Scatta la nuova Irpef, cambia la busta-paga

03/01/2007
    mercoledì 3 gennaio 2007

    Pagina 10 – Economia & Lavoro

      Scatta la nuova Irpef, cambia la busta-paga

        Pensionati e lavoratori dipendenti potranno verificare gli effetti delle nuove norme già a fine mese

          di Marco Tedeschi / Milano

          NOVITÀ Da Capodanno sono entrate formalmente in vigore le modifiche al sistema di calcolo dell’Irpef introdotte dalla legge finanziaria e ciò comporterà alcune novità per i contribuenti rispetto alle procedure del passato. Le novità, secondo quanto riporta FiscoOggi, riguardano i nuovi scaglioni di reddito e le aliquote, la trasformazione delle precedenti deduzioni per familiari a carico in detrazioni, variabili in funzione del reddito complessivo, la sostituzione della «no tax area» con un sistema di detrazioni d’imposta di importo diverso a seconda della tipologia di reddito (lavoro dipendente, pensione, lavoro autonomo, impresa), e infine l’abolizione della clausola di salvaguardia, cioè della possibilità di utilizzare i sistemi di calcolo precedenti. Per la tassazione del trattamento di fine rapporto e delle altre somme connesse alla cessazione del rapporto di lavoro, si potranno utilizzare, se più favorevoli, aliquote e scaglioni in vigore al 31 dicembre 2006. Restano invariate le detrazioni (spese mediche, interessi su mutui) e le deduzioni (contributi previdenziali, assegni al coniuge, eccetera) per oneri sostenuti dai contribuenti.

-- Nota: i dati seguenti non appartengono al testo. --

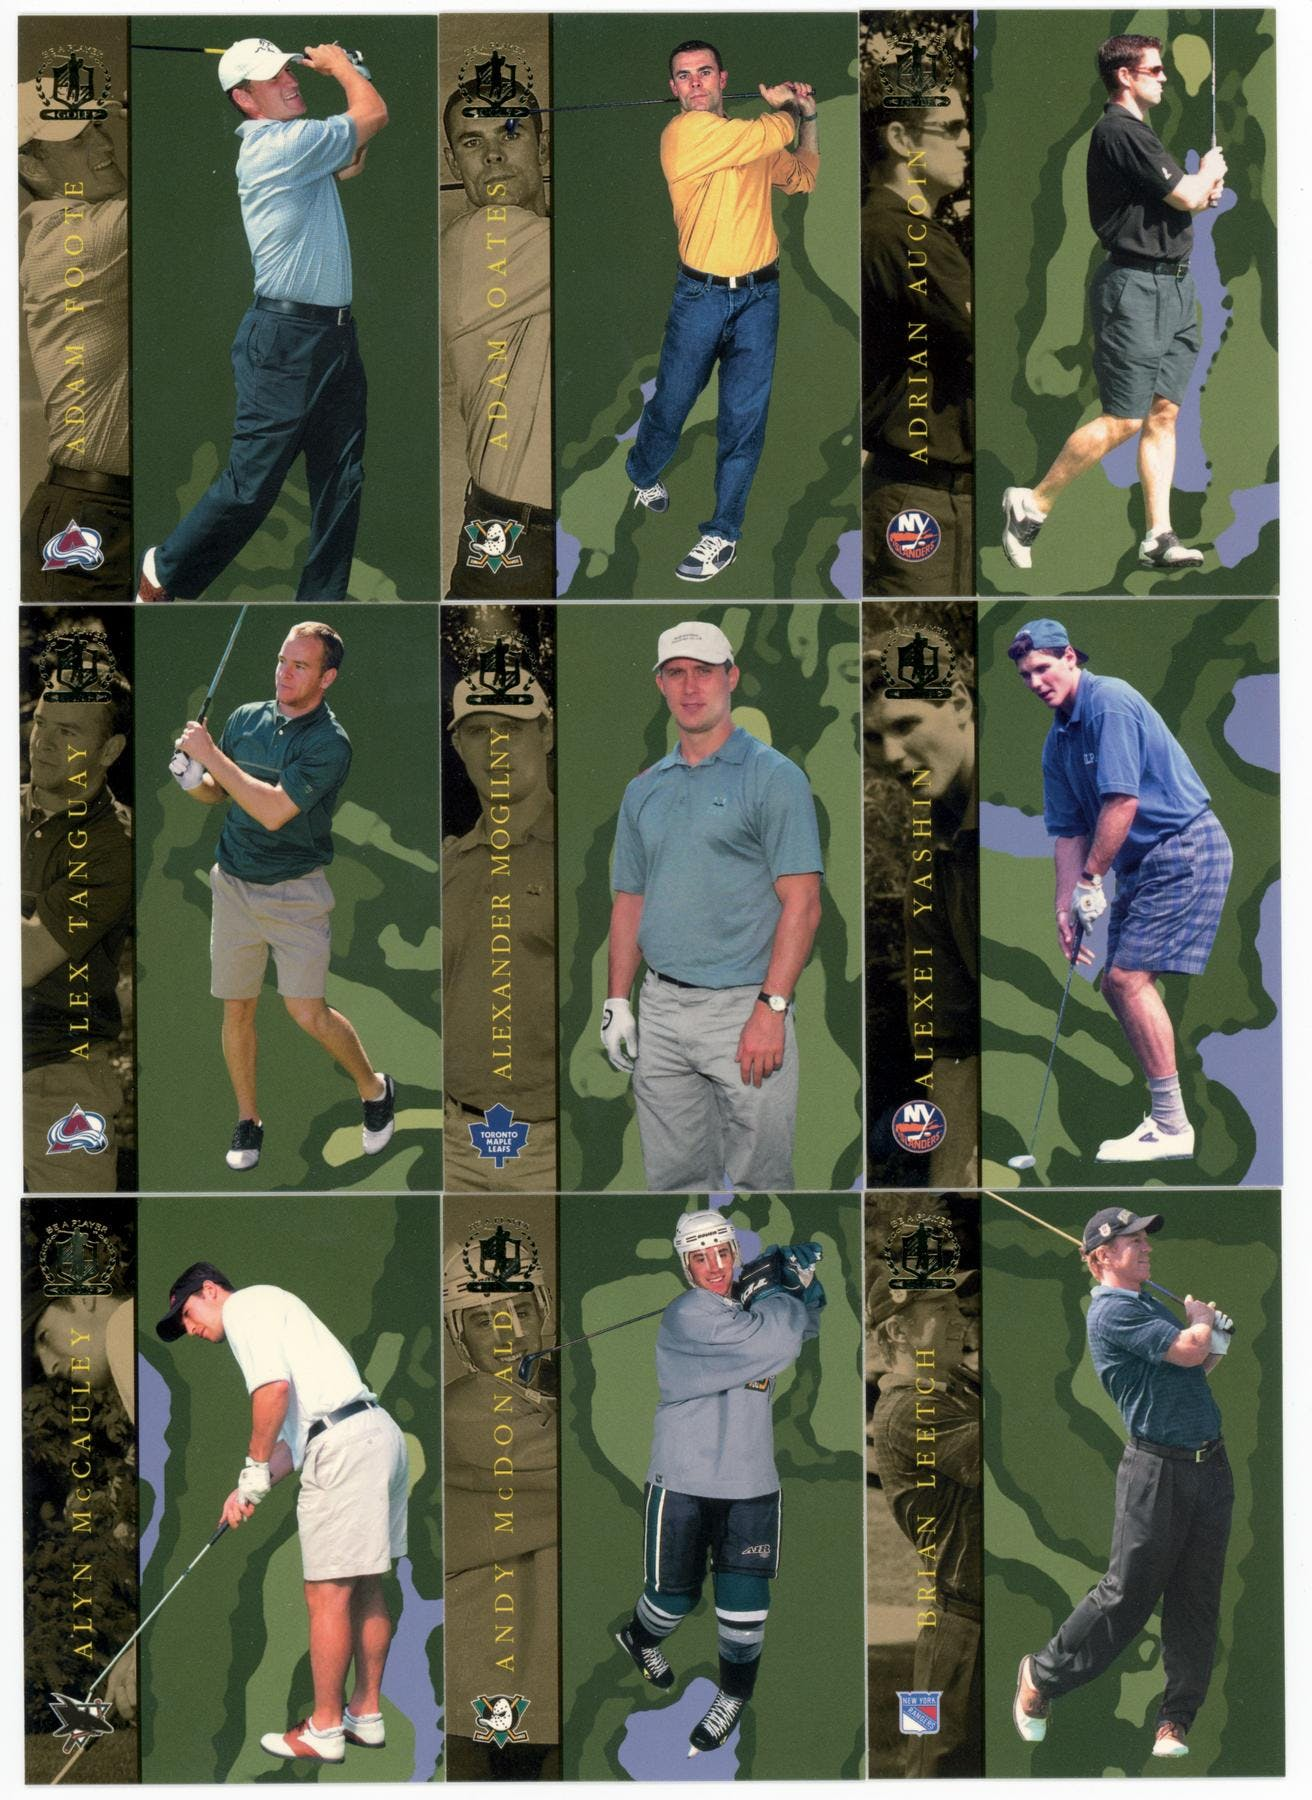 2002 03 itg bap signature series golf complete 100 card set da card world. Black Bedroom Furniture Sets. Home Design Ideas

          Per lavoratori dipendenti e pensionati gli effetti delle nuove disposizioni saranno già percepibili a partire dalla busta paga e dalla rata di pensione di gennaio. Gli altri contribuenti potranno verificarli con la dichiarazione dei redditi che presenteranno nel 2008 per il periodo d’imposta 2007. I contribuenti che hanno diritto agli assegni per il nucleo familiare saranno interessati, inoltre, dalle nuove modalità di assegnazione e da importi aumentati. Gli incrementi variano a seconda della composizione del nucleo familiare e del reddito e sono collegati alle nuove regole di determinazione dell’Irpef per assicurare un maggior reddito disponibile alle famiglie numerose e con reddito basso.

          Le nuove aliquote Irpef sono cinque: la più bassa e quella più elevata rimangono invariate, essendo confermate al 23 e al 43%; sono stati invece modificati gli scaglioni di reddito e le aliquote intermedie. E questo è lo schema per il calcolo dell’Irpef del 2007: reddito imponibile aliquota Irpef (lorda) fino a 15.000 euro 23% del reddito, da 15.001 a 28.000 27% 3.450 +27% su parte eccedente 15.000 euro da 28.001 a 55.000 38% 6.960 +38% su parte eccedente 28.000 euro da 55.001 a 75.000 41% 17.220 +41% su parte eccedente 55.000 euro oltre 75.000 43% 25.420 +43% su parte eccedente 75.000 euro.

          Per determinare il reddito imponibile occorre sottrarre dal reddito complessivo gli oneri deducibili e la deduzione per l’abitazione principale. Applicando le nuove aliquote a quest’importo, si otterrà l’imposta lorda. E si giungerà all’imposta netta sottraendo tutte le detrazioni. L’Irpef non è dovuta dai contribuenti il cui reddito complessivo è composto da redditi di pensione fino a 7.500 euro (se goduti per l’intero anno), redditi di terreni per un importo non superiore a 185,92 euro e dalla rendita catastale dell’unità immobiliare adibita ad abitazione principale e delle relative pertinenze. Per valutare il risparmio d’imposta ottenibile con le nuove aliquote è necessario però quantificare le detrazioni per i familiari a carico e quelle legate alla tipologia di reddito prodotto.